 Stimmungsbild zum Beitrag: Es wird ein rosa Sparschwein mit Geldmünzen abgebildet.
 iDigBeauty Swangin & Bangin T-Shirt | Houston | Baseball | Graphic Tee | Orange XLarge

-*-*-

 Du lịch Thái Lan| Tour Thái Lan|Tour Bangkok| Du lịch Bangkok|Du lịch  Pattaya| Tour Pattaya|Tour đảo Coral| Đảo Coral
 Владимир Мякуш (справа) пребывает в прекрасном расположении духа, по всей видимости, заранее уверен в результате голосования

-*-*-

Using the entries above, repeat only the lines from the one containing "Du lịch Thái" through the one containing "Владимир Мякуш (справа)", end lines included.

 Du lịch Thái Lan| Tour Thái Lan|Tour Bangkok| Du lịch Bangkok|Du lịch  Pattaya| Tour Pattaya|Tour đảo Coral| Đảo Coral
 Владимир Мякуш (справа) пребывает в прекрасном расположении духа, по всей видимости, заранее уверен в результате голосования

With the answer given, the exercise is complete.